Introducing deepKin: A New Method for Measuring Genetic Relatedness

Table of Contents

Methods for Measuring Genetic Relationships
Introducing DeepKin: A New Approach
Understanding the Methods of DeepKin
Inferencing Relatedness with DeepKin
Guidelines for Using DeepKin
The Importance of Effective Number of Markers
Validating the Variance
Real-World Applications: UK Biobank
Key Findings and Conclusions
Original Source
Reference Links

Understanding how individuals are related to each other is very important in genetics and public health studies. Specifically, this is crucial when researchers look at many Genetic Markers across the whole genome, a process known as genome-wide association studies (GWAS). Researchers also measure risk for certain traits or diseases using a tool called the Polygenic Risk Score (PRS). Traditionally, scientists would look at family trees to estimate how closely related people are. This method gives a good idea of expected genetic similarities. However, with the rise of genetic data from genome-wide single nucleotide polymorphisms (SNPS), researchers can now calculate real genetic relationships based on actual data.

This shift to using SNP data face some challenges. Different methods of measuring SNPs, along with how data is checked for quality, can add confusion. Therefore, figuring out the relationships that come from SNP data can be complicated.

Methods for Measuring Genetic Relationships

There are different ways to estimate how closely related people are using SNP data. Some methods use maximum likelihood approaches, while others use moments-based estimators. Although moments-based estimators may not be as precise, they are faster and easier to compute. Over the years, some factors have been studied that affect how we measure Relatedness. One study looked into how relationships can vary due to random genetic sampling and genetic linkage.

Currently, many researchers use SNP-based measures in population studies, but there hasn't been as much focus on how much these measures vary. The differences in SNP data due to relationships can significantly impact the power to detect pairs that are closely related compared to those that are not.

Static cut-off numbers are often used to decide if two samples are related. This can lead to mistakes, like false positives, when the variation in estimates is ignored. If researchers only rely on fixed cut-offs without considering how the data behaves, they might incorrectly label pairs as related.

Introducing DeepKin: A New Approach

The new method, called deepKin, offers a fresh way to measure relatedness using SNP data. This tool is different from earlier methods because it provides information about the sampling variation that comes with calculating relatedness. By using this new approach, deepKin can help researchers understand whether differences in relatedness are significant.

DeepKin focuses on three key concepts in estimating relatedness:

It sets a critical value to divide significant relatedness from insignificant ones.
It identifies the minimum number of genetic markers needed to spot a specific type of relative.
It shows how much statistical power can be adjusted based on the degree of relatedness being tested.

The team behind deepKin tested it through simulations and real data, showing its effectiveness. They also made deepKin available to researchers as an R package.

Understanding the Methods of DeepKin

A core aim of this study is to define the level of variation for moments-based genetic relatedness. DeepKin uses an approach similar to that of the original KING method, but with different scaling factors.

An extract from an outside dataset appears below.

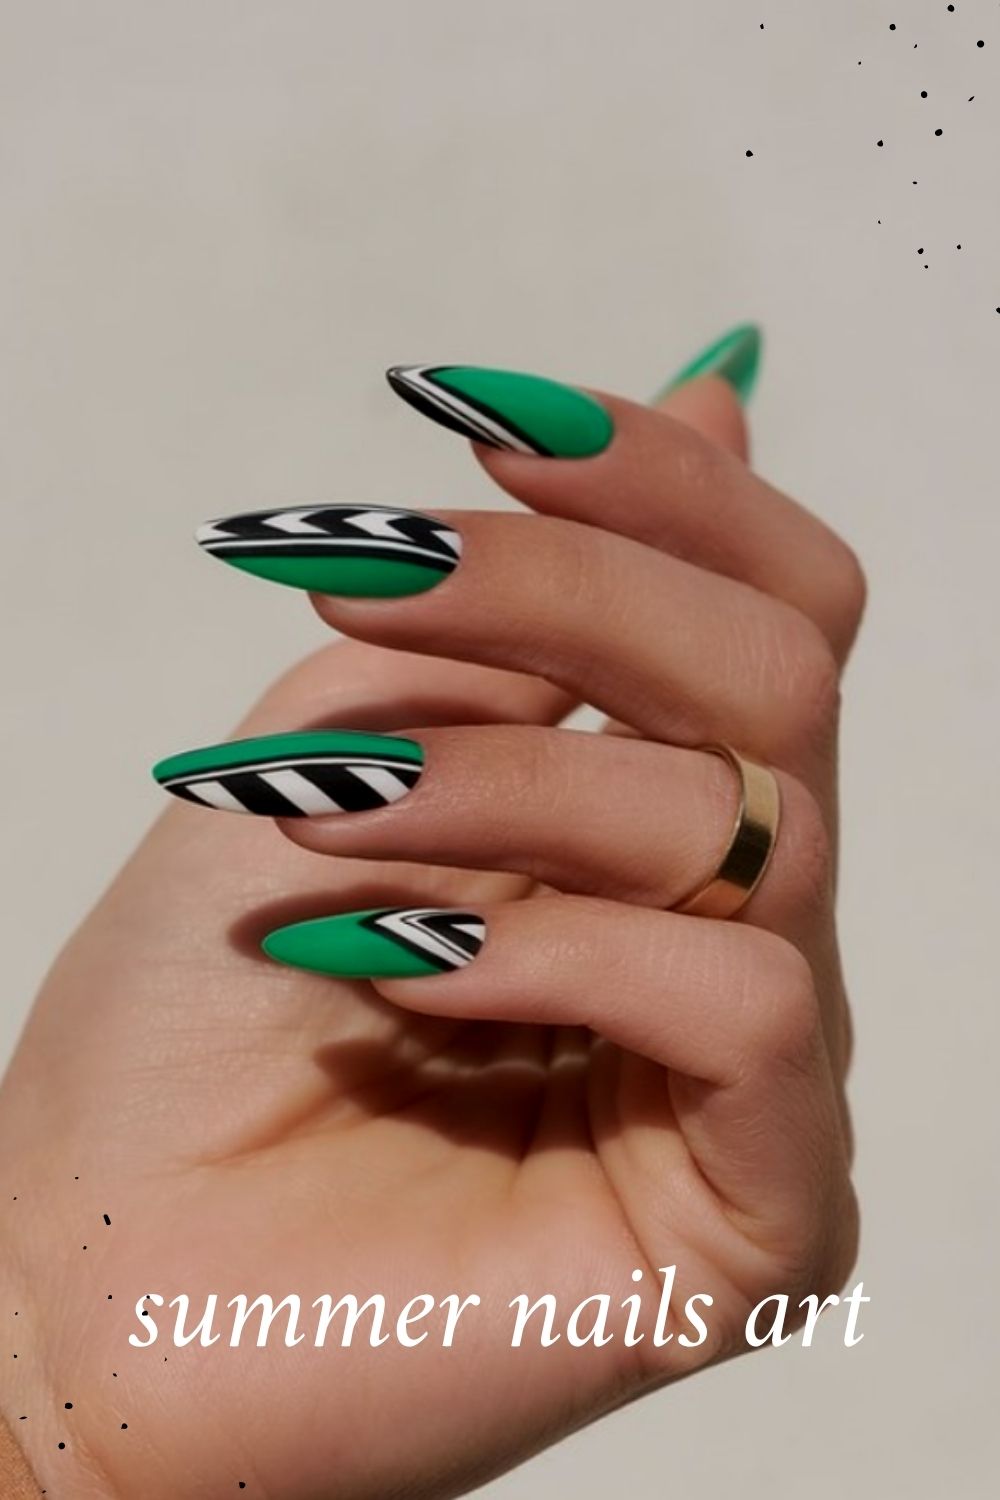 Green and black almond nails
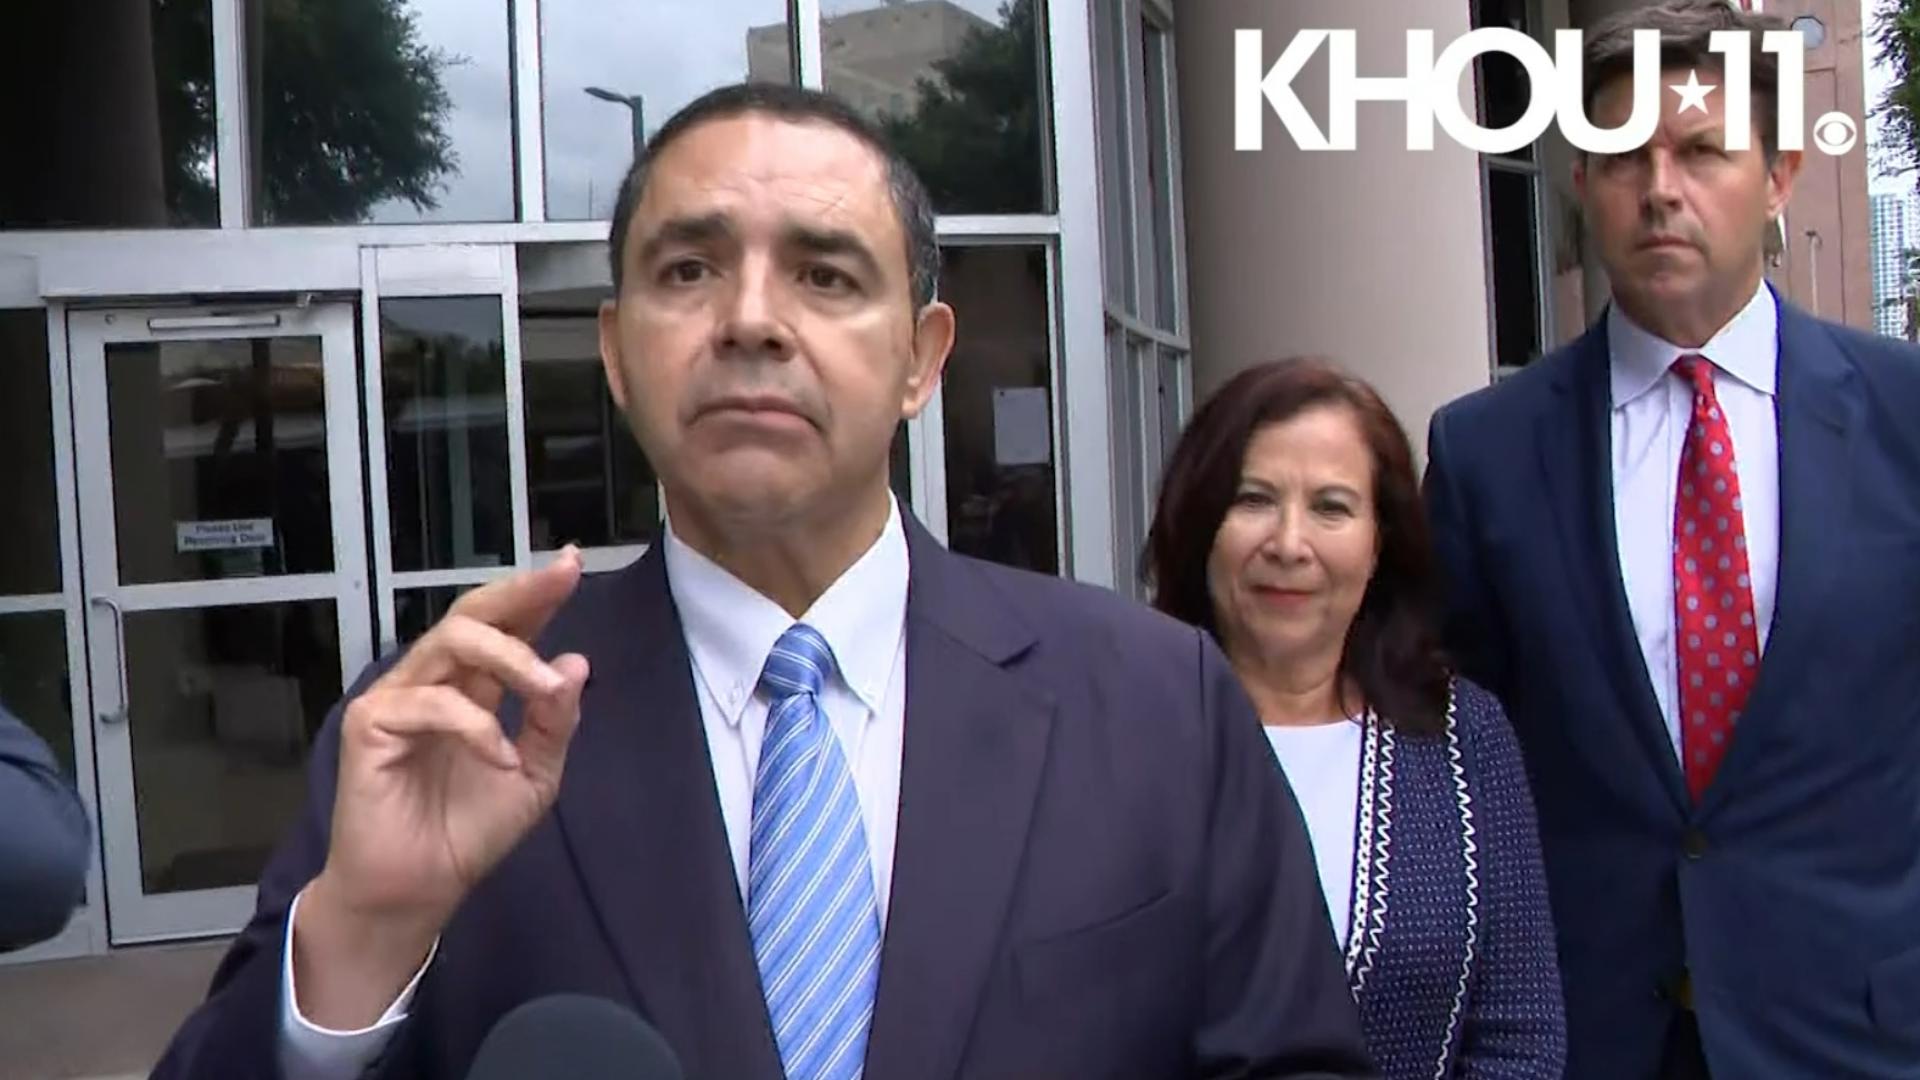 Texas Democratic U.S. Rep. Henry Cuellar and his wife were indicted on conspiracy and bribery charges and taken into custody on Friday, May 3.

Researchers can create matrices to describe genetic relationships based on genotypic values.

The KING estimator computes relatedness using specific formulas, but its estimates only represent half of the actual relatedness expected. To clarify comparisons, researchers will often double the KING estimates.

However, measuring actual genetic similarity can yield values anywhere from 0 to 1. This means there are many factors that could influence the results, and understanding the sampling variance is crucial for the estimation.

Inferencing Relatedness with DeepKin

DeepKin provides a method for researchers to test if pairs of individuals are related. By examining relationships through a statistical lens, DeepKin can calculate z-scores and corresponding p-values based on earlier empirical distributions. If researchers set a level of significance, deepKin can define a critical value for drawing conclusions about relatedness.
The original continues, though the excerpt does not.